Si es cierto que fue, como han dicho y continuan diciendo miopes y malintencionados, una conspiración racista; si el Tribunal dijo con razón que se trataba en aquellos autos de un plan de agresión de negros contra blancos; si Luz Caballero, Domingo del Monte y otros eran, como nadie puede negar, blancos, ricos e ilustrados varones conscientes de sus actos y de su filiación social; si como, al fin, recnoció el Tribunal, no había contra estas distinguidas personalidades pruebas de culpabilidad de ninguna clase, ¿por qué fueron estos hombres incluídos en el absurdo proceso de que se trata?

La explicación es evidente y única. El Tribunal sabía que la Conspiración de la Escalera no había existido en realidad. Sabía que esa invención suya era, no más, un pretexto para investigar quiénes fueron los que aliados a los ingleses conspiraron contra el Gobierno español y el régimen vigente en el año 1842. Pero quería examinar a cuantos estuvieron en relaciones con el Cónsul inglés y los amigos de éste.
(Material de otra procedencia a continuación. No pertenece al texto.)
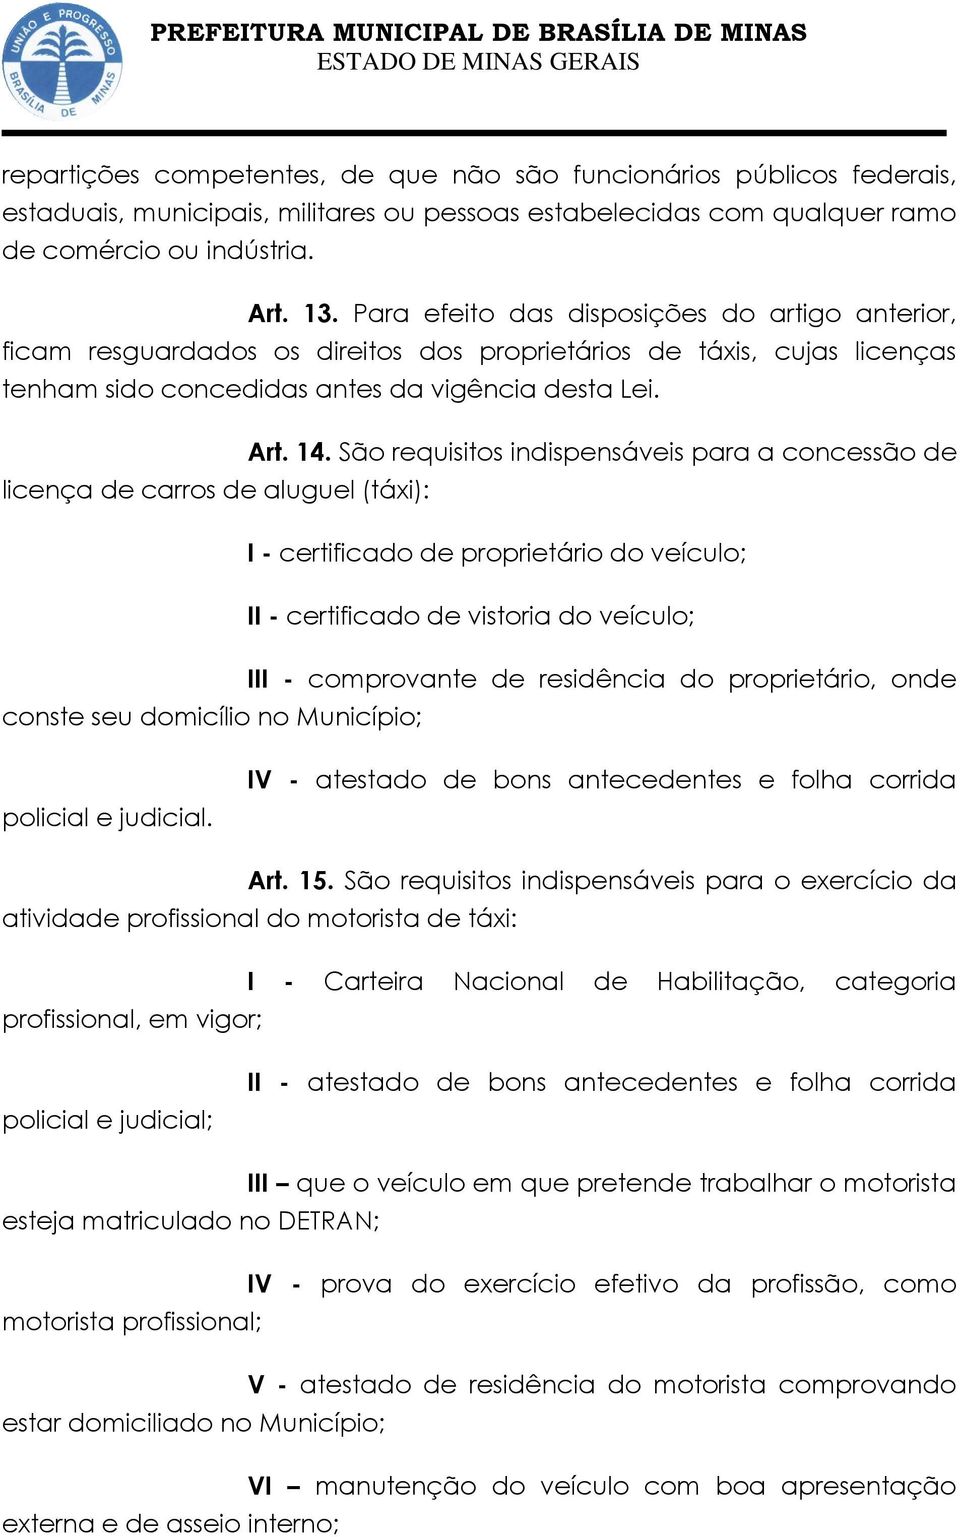 São requisitos indispensáveis para a concessão de licença de carros de aluguel (táxi): I - certificado de proprietário do veículo; II - certificado de vistoria do veículo; III - comprovante de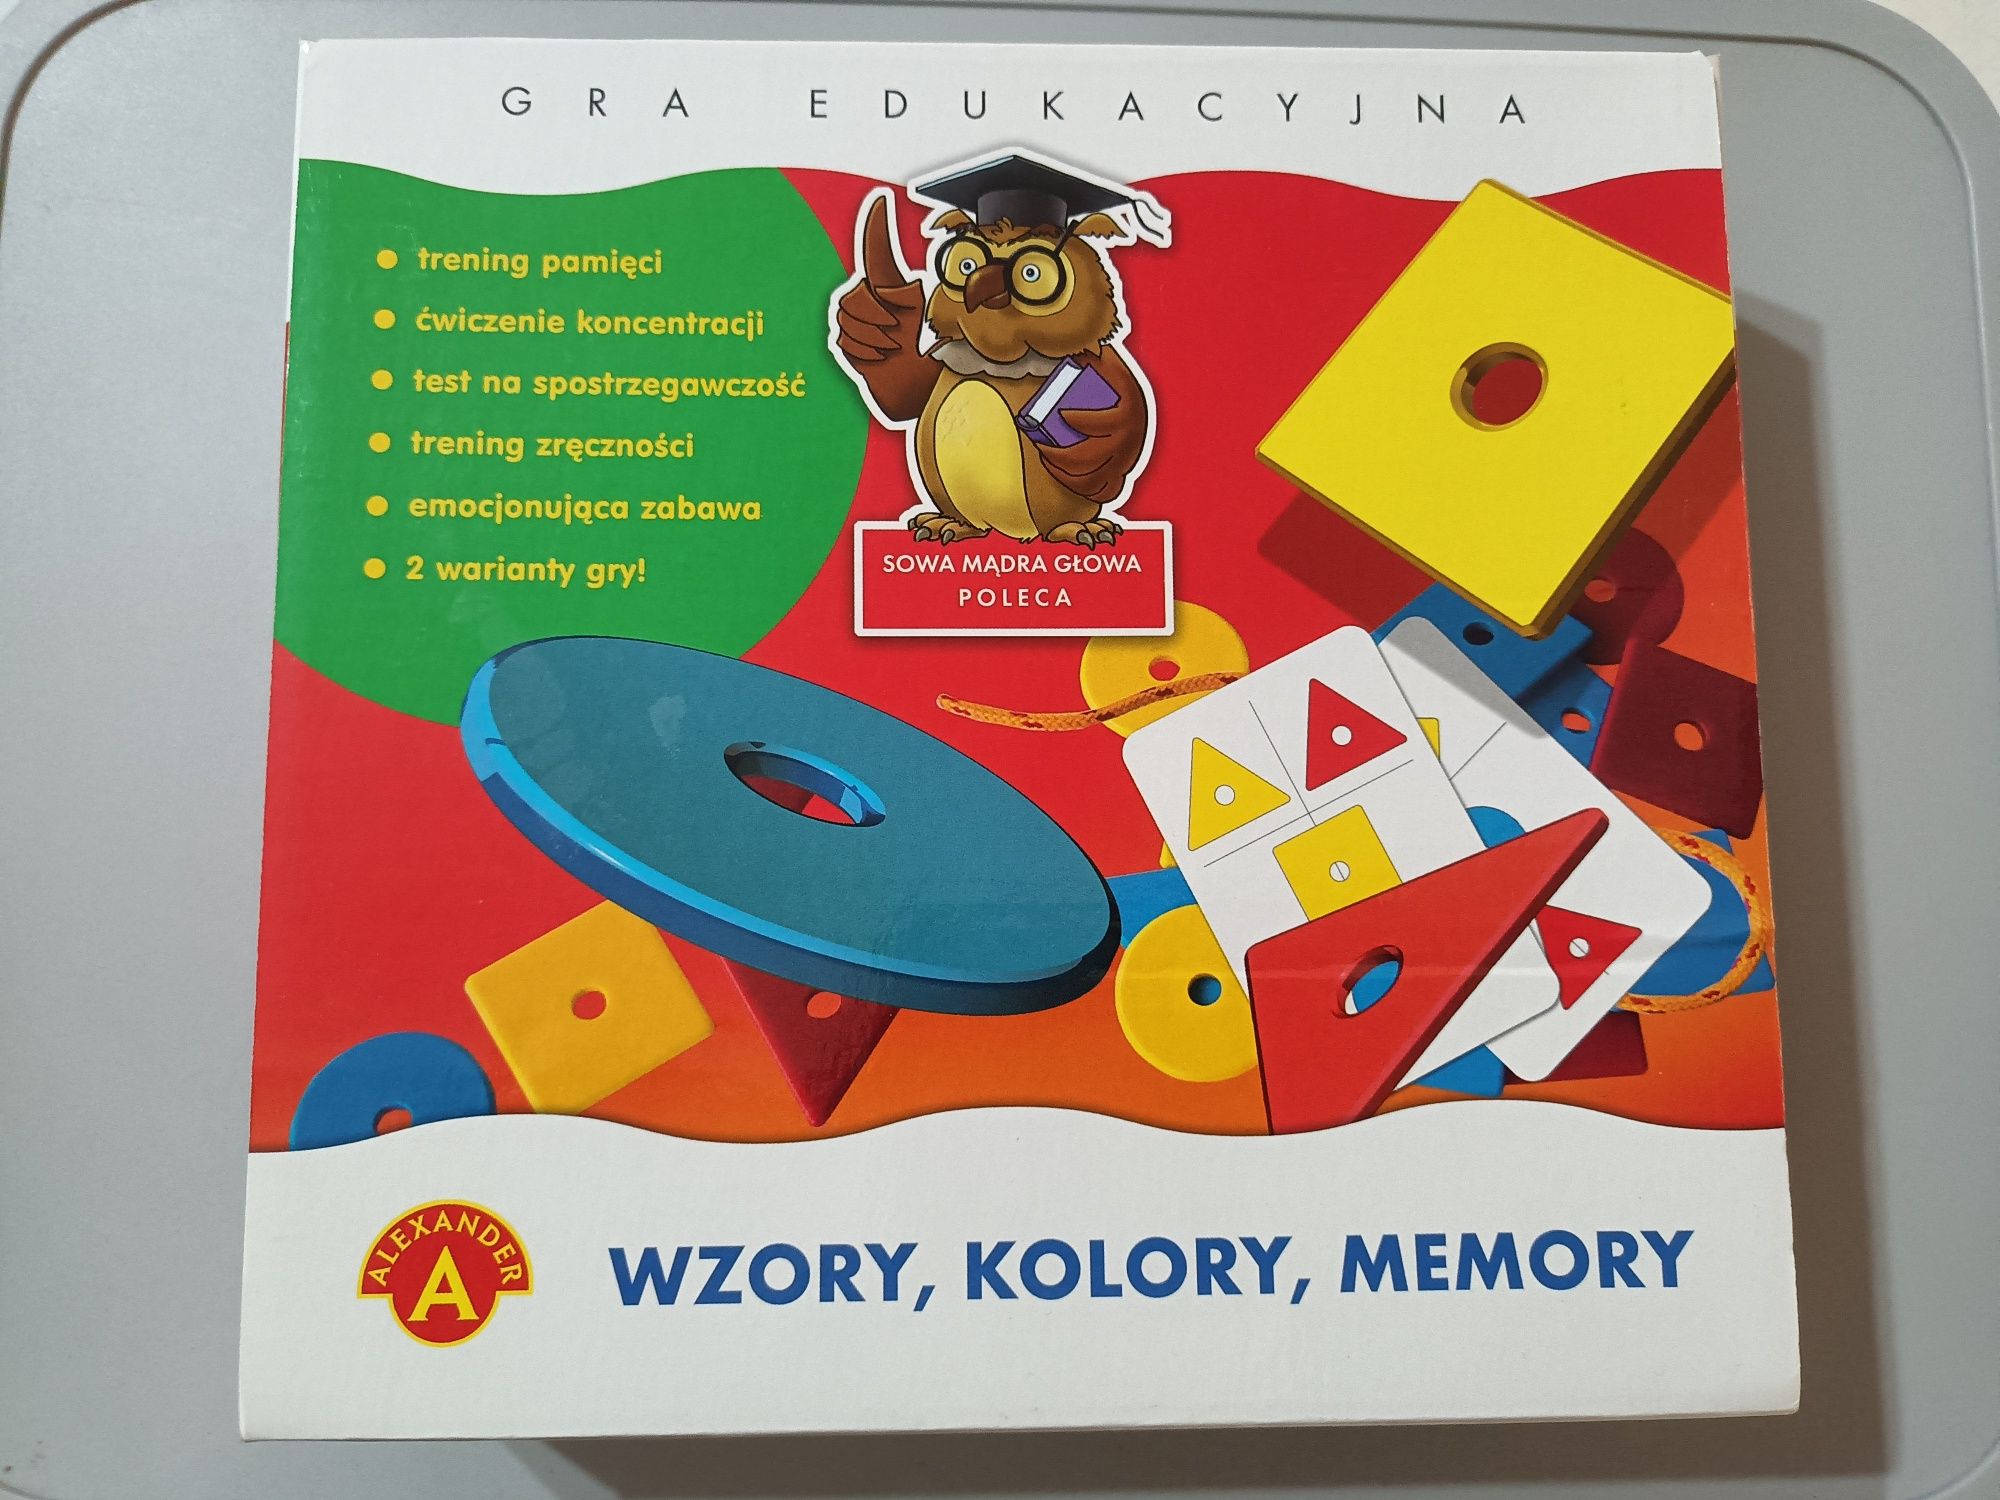 Alexander Gra edukacyjna wzory kolory memory pamięć logiczna

Demasiado sabía que no eran, ni podían ser antblancos, Luz Caballero, Domingo Del Monte, y cuantos en sus mismas cirunstancias personales se encontraban. Por eso fueron éstos absueltos. Por eso y porque el Tribunal, como el Gobierno al cual servía, no quiso cometer la monstruosidad que hubiera sido condenar a los señores pudiendo descagar el golpe, sin mayores consecuencias, sobre la parte más débil de aquella sociedad colonial.

 

REBELDES, NO RACISTAS ANTIBLANCOS

A pesar de acusar repetidas veces a Turnbull de ser el iniciador, y, durante algún tiempo, el eje de la conspiración, la Comisión Ejecutiva Militar, instructora del incalificable proceso, escribió en las carpetas de los autos estas palabras que confunden al lector: "Causa de conspiración de la gente de color contra los blancos". Diciendo que era una conspiración racista, establecíase una presunción de culpabilidad contra todos los negros. Deliberadamente, se intentaba hacer creer que todos los encausados eran movidos por el odio al blanco. Se quería agriar la división entre los criollos (blancos y negros) haciendo que se odiasen mutuamente. Se quería evitar que pudiesen unirse en un futuro más o menos próximo; y se quería también, ya que no habían pruebas, impedir que las gentes de pro se apiadasen de las víctimas del proceso y denunciasen la injusticia que se estaba cometiendo. Se quería justificar las masacres del año 1844. Por Calcaño sabemos, que en opinión de Luz Caballero, en la causa criminal de referencia, "una mezcla de infamia, tontería y ridiculez…no hubo negros criminales sino negros poseedores o amos que tendrían que rescataros". El ánimo de lucto hizo que los tribunales fuesen más exigentes con los negros y mulatos libres cuya posición económica les permitiera disponer de algún dinero. Entre los que fueron al fin condenados, cuéntase mil cientodieciocho libres y sólo seiscientos ochenta esclavos. Para el Gobierno, el negro libre, más inteligente, era más peligroso que el esclavo. Además, la prisión y muerte del esclavo perjudicaba el respetabilísimo interés del amo.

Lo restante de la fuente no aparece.